As for losing the data as part of repacking, I also think we don’t have to worry about that too much, because that would just be taking something that is an sdist and creating something that is not an sdist.
That said, I don’t think it would hurt much to have this be an additional storage place for the data, which is likely to be small. If it’s missing, you fall back to reading it from .dist-info/METADATA or wherever it is supposed to go.

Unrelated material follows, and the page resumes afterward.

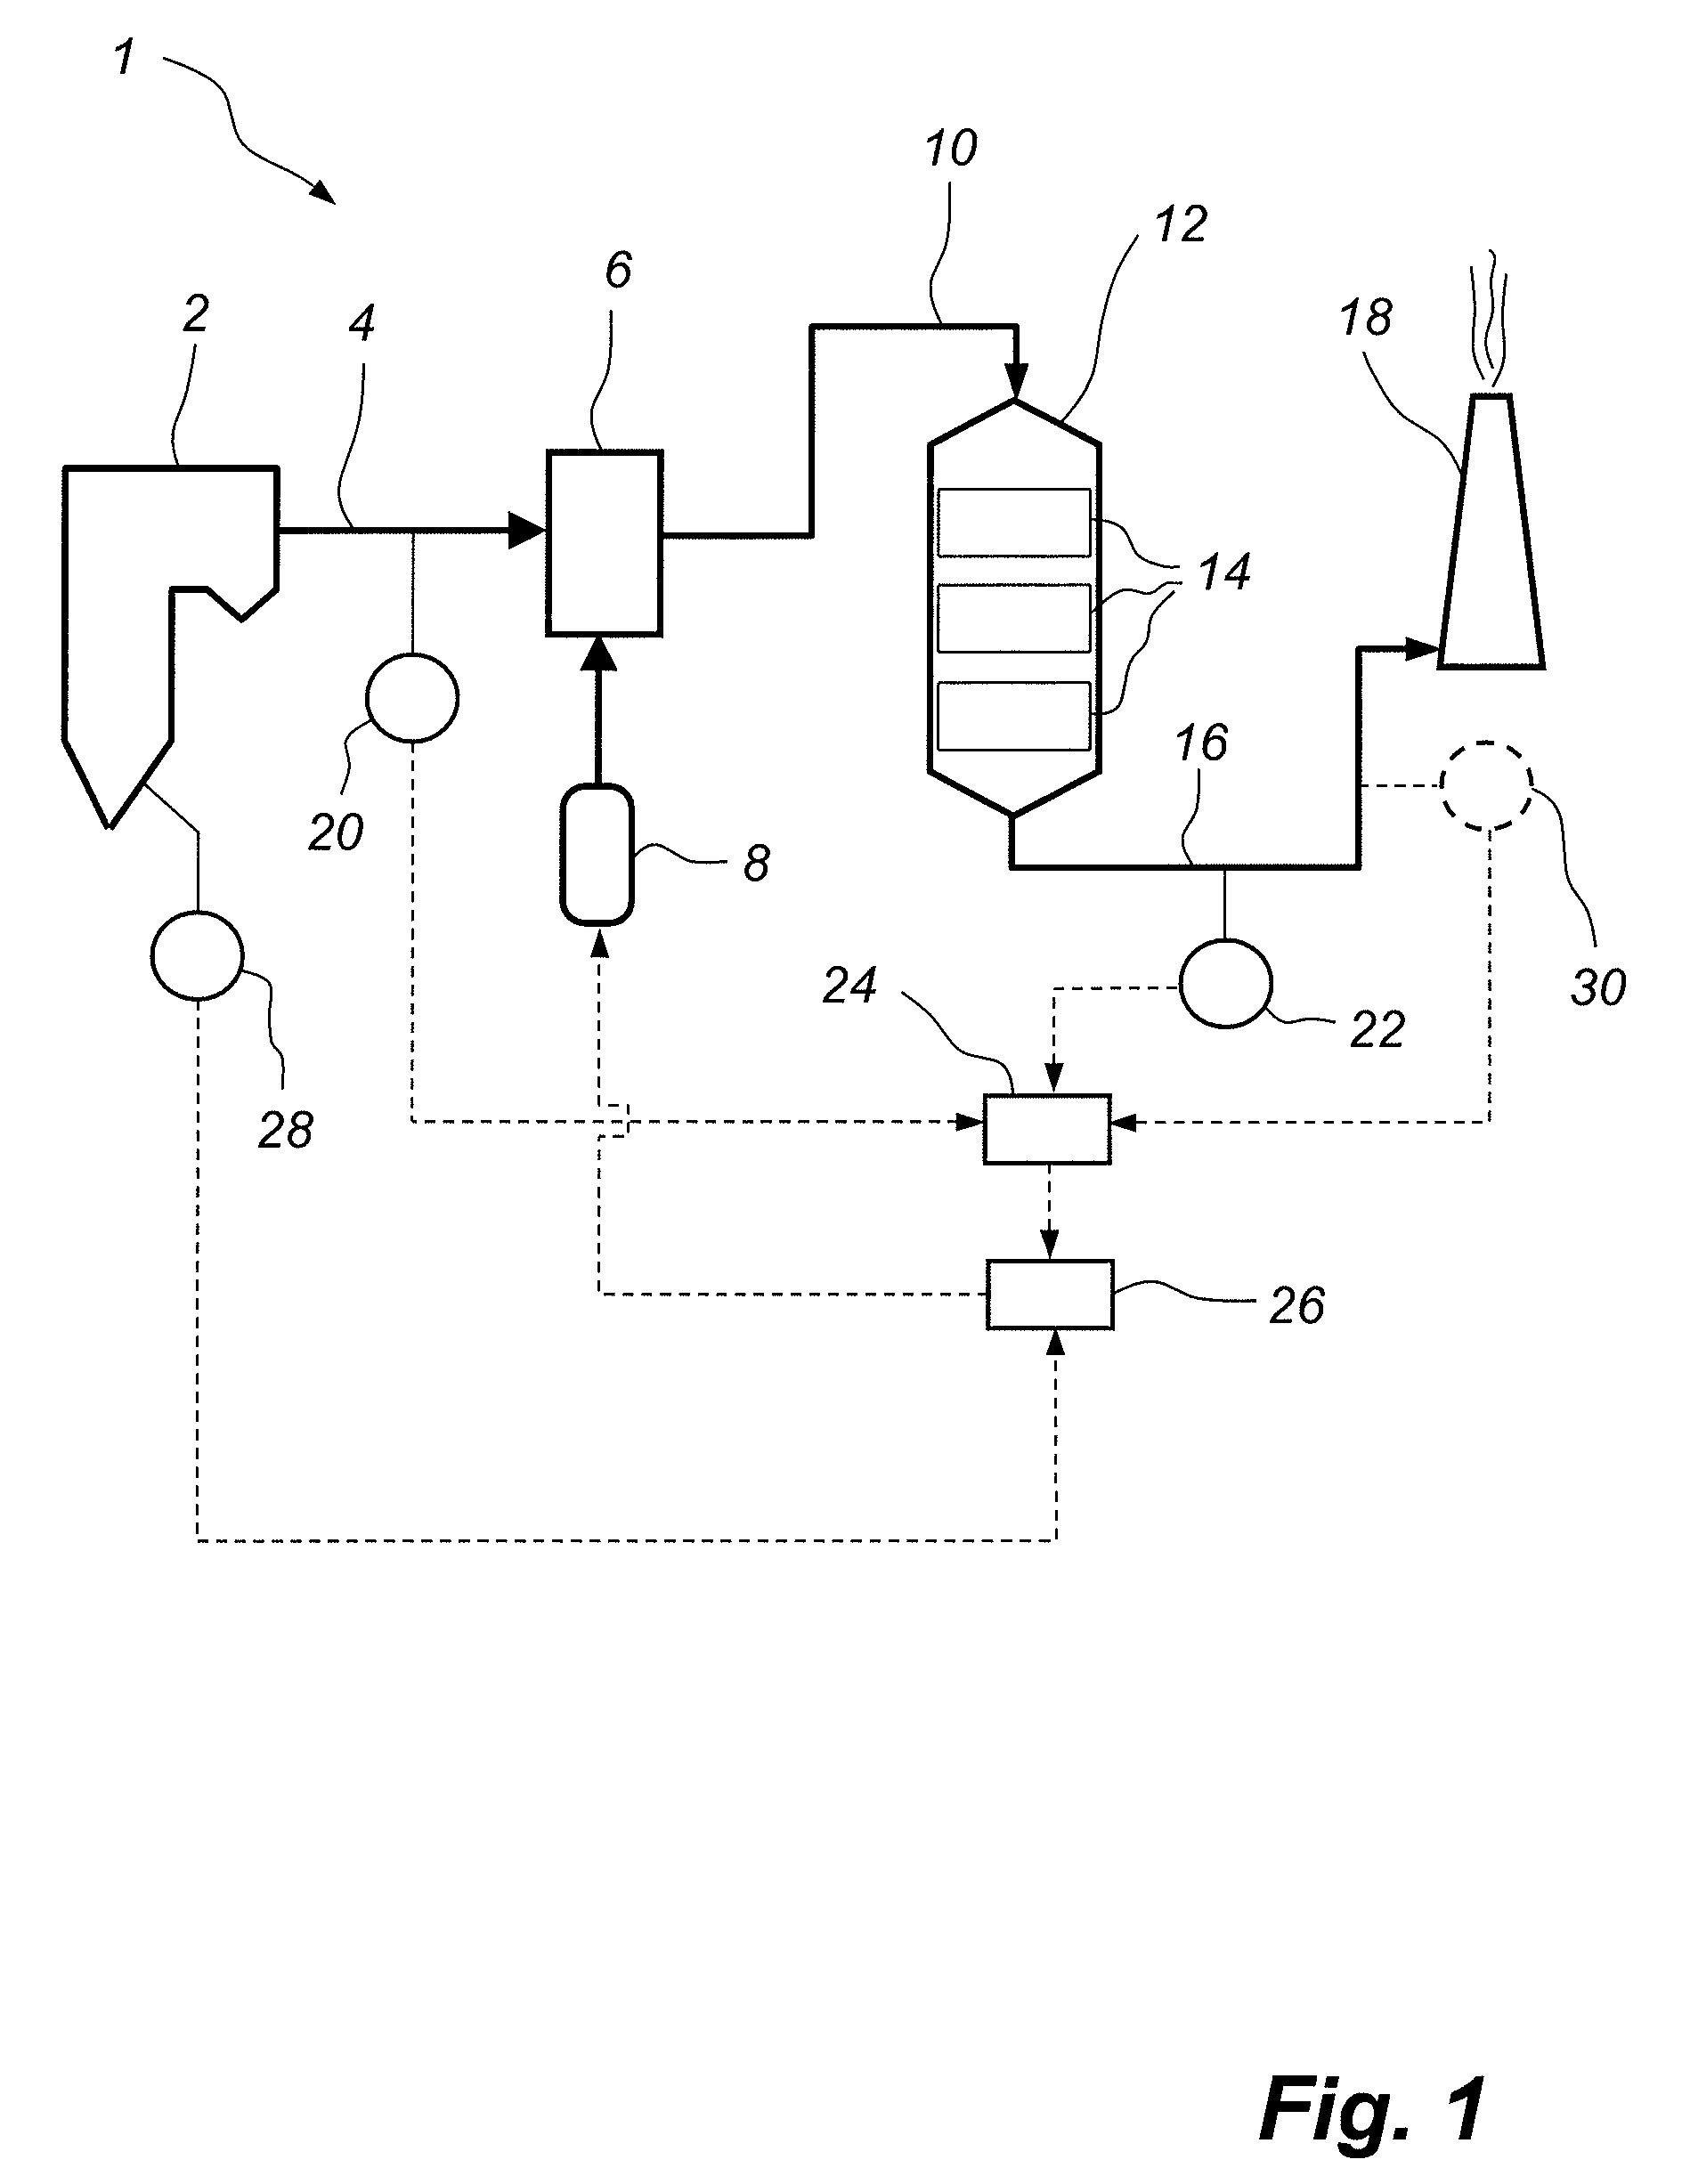 Method of controlling the operation of a selective catalytic reduction plant

I agree that this would be good, but I would imagine that the projects most likely to benefit from not needing to be extracted (large projects) would also benefit most from the improved compression achieved by using a tarball (in practice I spot checked a bunch of people who have requested size increases and most of them are only distributing wheels, and the one that distributes an sdist has all its files individually gzipped, so it’s not really getting much compression, but I don’t know how typical this is).
I think the solution of a nested tarball (zip file containing tarball + metadata) is nice and clever, but I imagine that will introduce more problems than using the extra fields will, since it will break all workflows that involve a simple “unzip the tarball and then build it” — that’s not terribly difficult to fix, but adding in more possible ways to unzip a source distribution will make a lot of simple bash scripts a lot more complicated.
The bash script would call a new Python command line tool for unpacking sdists, simplicity restored. Anyway we use pip for that. It does a lot to make things build.
The point of the idea is that you only need random access to the metadata (the dist-info directory).
If you were to check I think you would find that literally 10 pypi packages use about half the bandwidth. If your 300MB tensorflow wheel shrinks to 90MB you would notice. You could literally special case that particular one and get most of the benefit. Haven’t evaluated the lots of smaller ones case.
The nesting and un-nesting operation is very cheap compared to the time spent running the compression algorithm.